Frequently Asked Questions

How do I score fifteens in cribbage?
Add up the value of every possible combination of 2 or more of your 5 scored cards (your 4 hand cards plus the shared starter card). Any combination that sums to exactly 15 is worth 2 points, and every valid combination counts separately — a hand can score several fifteens at once. Face cards (Jack, Queen, King) always count as 10, and Aces always count as 1, regardless of the game's normal card ranking.
Why does the flush rule work differently in the crib?
In a regular hand, 4 cards of the same suit score 4 points even if the starter card doesn't match (and 5 points if it does). The crib is stricter: a 4-card-only flush scores zero in the crib. All 5 cards — the 4 crib cards plus the starter — must share the same suit for the crib to score any flush points at all, and if they do, it's worth 5. This calculator's "this is the crib" checkbox applies that exception automatically.
What's the difference between His Nobs and His Heels?
They sound alike but happen at different times and score differently. His Heels happens at the cut, before anyone plays a card: if the starter card itself turns out to be a Jack, the dealer immediately scores 2 points. His Nobs happens during hand scoring: if one of your 4 hand cards is a Jack of the same suit as the starter card, you score 1 point as part of your hand total. Heels is a one-time bonus for the dealer at the cut; Nobs is a per-hand point that can apply to either player's hand or the crib.
Why do duplicate ranks create more than one run?
A run needs 3 or more cards of consecutive rank, but if one of those ranks is duplicated, the duplicate creates a second complete run using the same consecutive sequence with a different card standing in for the repeated rank. For example, 4-4-5-6 contains two separate runs of 4-5-6 — one using each 4 — worth 3 points each, for 6 points total, not a single run of 3 counted once. A duplicated rank inside a 4-card run works the same way, doubling that run's value instead.
What is the highest possible score for one cribbage hand?

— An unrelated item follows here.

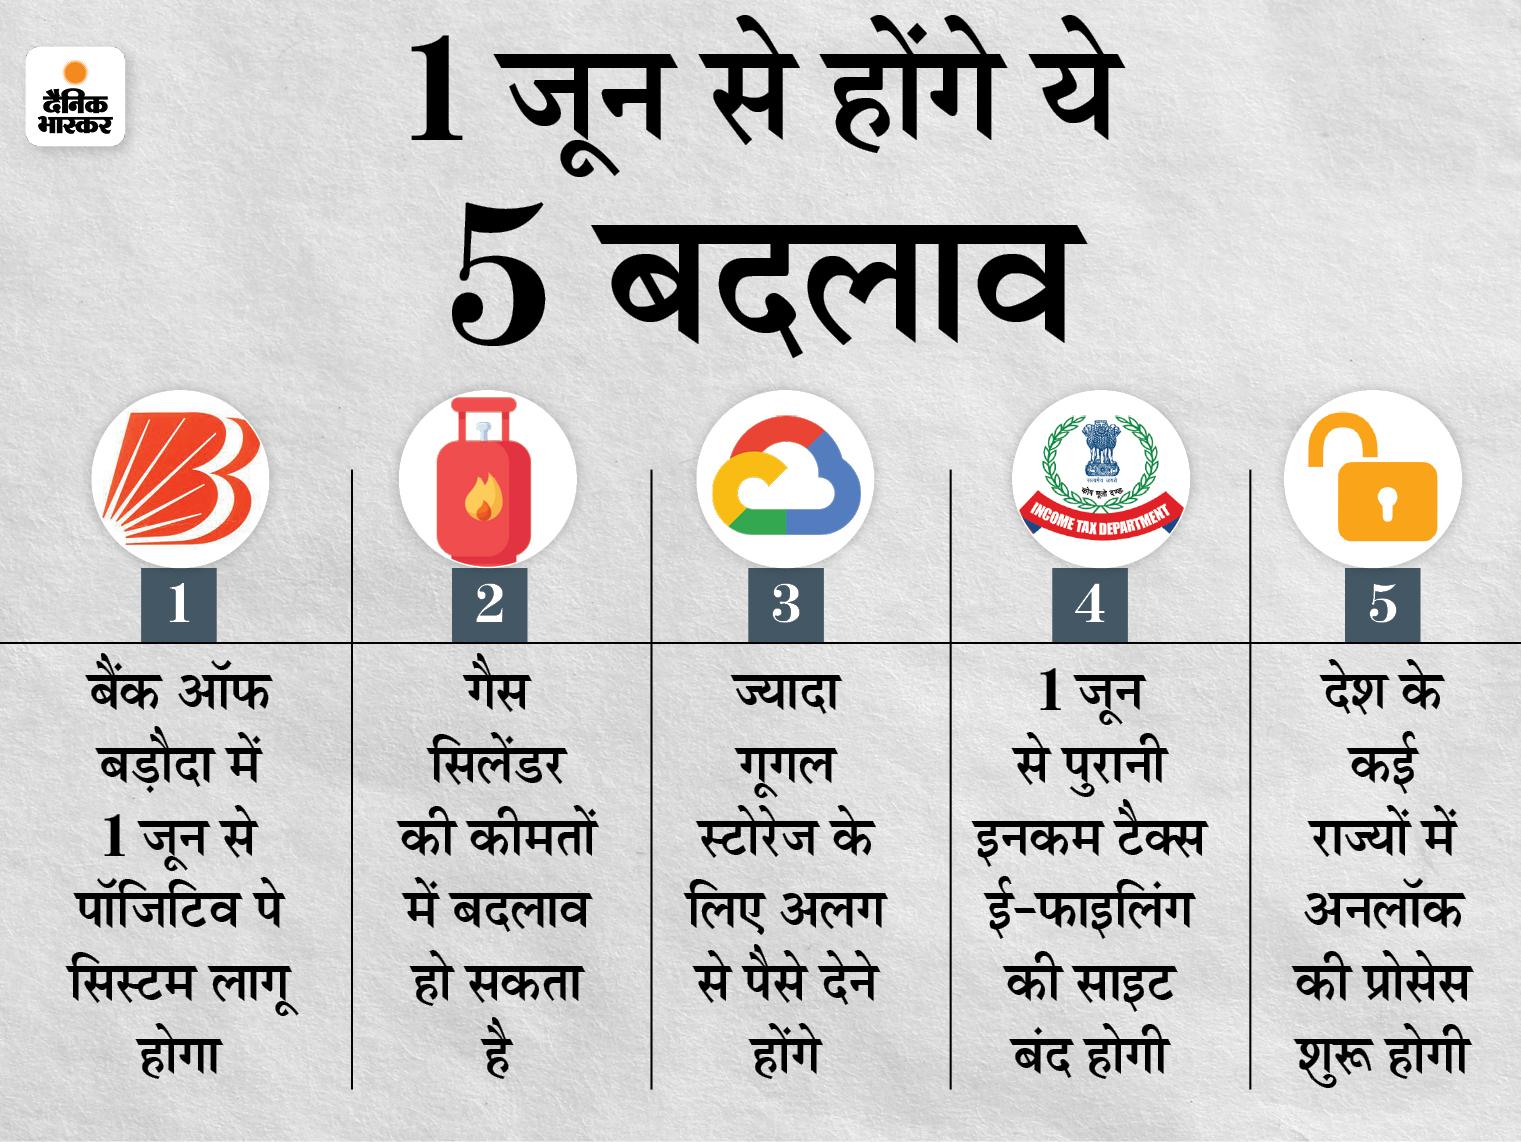 1 जून से बैंकिंग और इनकम टैक्स ई-फाइलिंग सहित होंगे ये 5 बड़े बदलाव, इसका आप पर भी होगा सीधा असर बिजनेस,Business - Dainik Bhaskar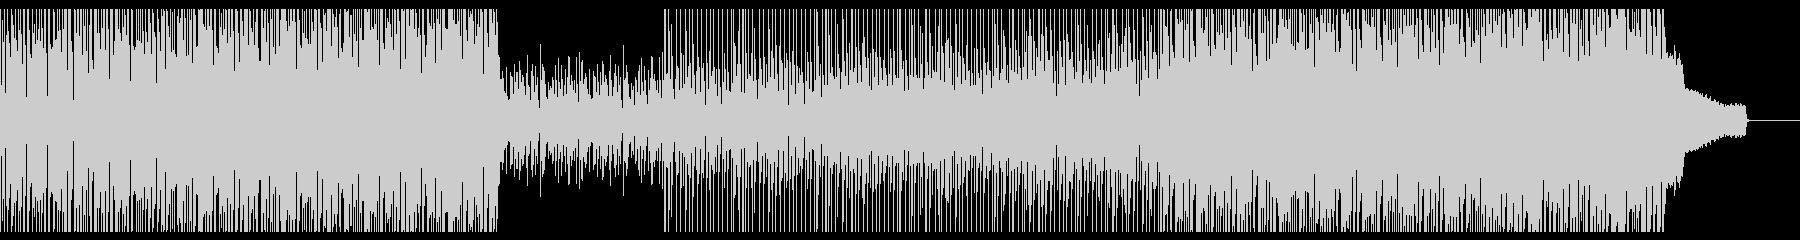 ポップインストゥルメンタル。明るく...の未再生の波形

29 points, from the famous "29 hand": three 5s plus a Jack in your 4 cards, with the starter card being the 4th 5 and matching the Jack's suit. That works out to 16 points from fifteens (three 5s combine with the Jack eight different ways), 12 points from a double pair royal (four 5s), and 1 point from His Nobs — 16 + 12 + 1 = 29. It's considered one of the rarest hands in cribbage, statistically appearing roughly once in every 216,580 hands dealt.